Let $c$ be the length of the hypotenuse of a right triangle. Show that the area of the triangle is at most $1/4c^2$.

Question

I approached it by drawing the right triangle, and then drawing $c^2$ as a square. I then split the square into fourths, and showed that the right triangle was a fourth of $c^2$. Is this how I approach the question?

Answer 1

A pure Euclidean Geometry approach:

Name the triangle $ABC$ with $AB$ the hypotenuse. Let $D$ be the midpoint of $AB$ and $E$ the foot of altitude $CE$.

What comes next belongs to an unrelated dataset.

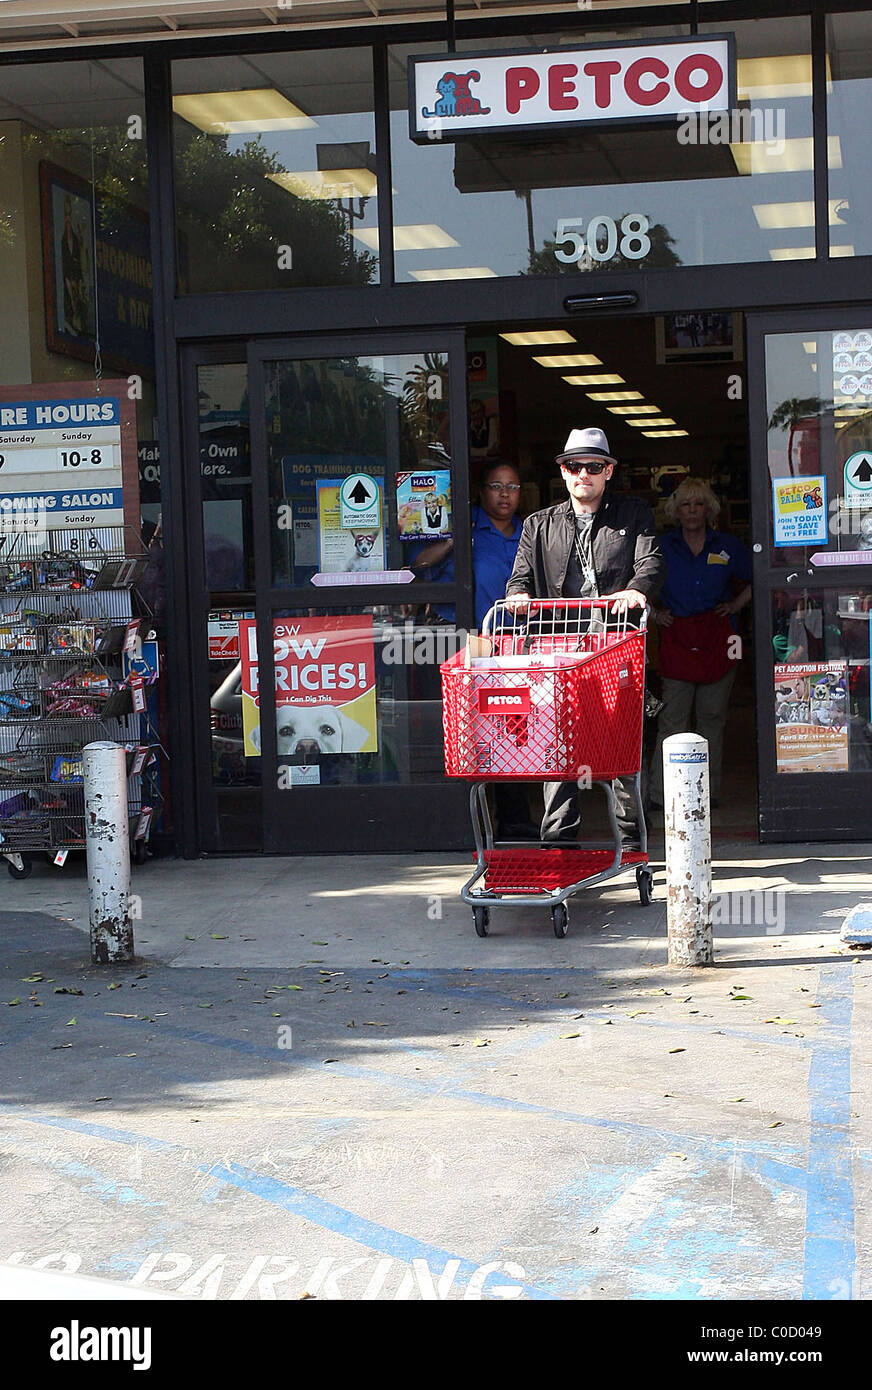 Paris Hilton and Benji Madden shopping for pet supplies at Petco

Now it's well known that $CD=\frac{1}{2}AB.$ Also $CE\le CD$ since $CE$ is the shortest distance from $C$ to $AB.$ So $$\text{Area of }\triangle ABC=\frac12\cdot AB\cdot CE\le \frac12\cdot AB\cdot CD=\frac12\cdot AB\frac12 AB=\frac14\cdot AB^2=\frac14c^2.$$

That's what we had to prove. $\blacksquare$

Answer 2

Geometrically, four replica of the triangle are less than the square. This suggest the following proof:

Denoting $a$ and $b$ (with $a\le b$) the sides of the triangle. The side of the inner square is $b-a$, then the total area of the large square is $$(b-a)^2+4\times\frac{ab}{2}=a^2+b^2$$ which is an obvious identity. Then, with $a^2+b^2=c^2$, $$\frac{ab}{2}=\frac{1}{4}\left[c^2-(b-a)^2\right]\le \frac{c^2}{4}$$

Answer 3

Using Sine Law, $$\dfrac a{\sin A}=\dfrac b{\sin B}=\dfrac c{\sin90^\circ}$$

$\implies a=c\sin A$ and $b=c\sin B=c\sin(90^\circ-A)=c\cos A$

So, the area $$\dfrac12(c\sin A)(c\cos A)=\dfrac{c^2\sin2A}4$$

Answer 4

$$c^2=a^2+b^2$$

Now area $=\dfrac12ab\sin90^\circ$

Again $(a-b)^2\ge0\iff2ab\le a^2+b^2=c^2$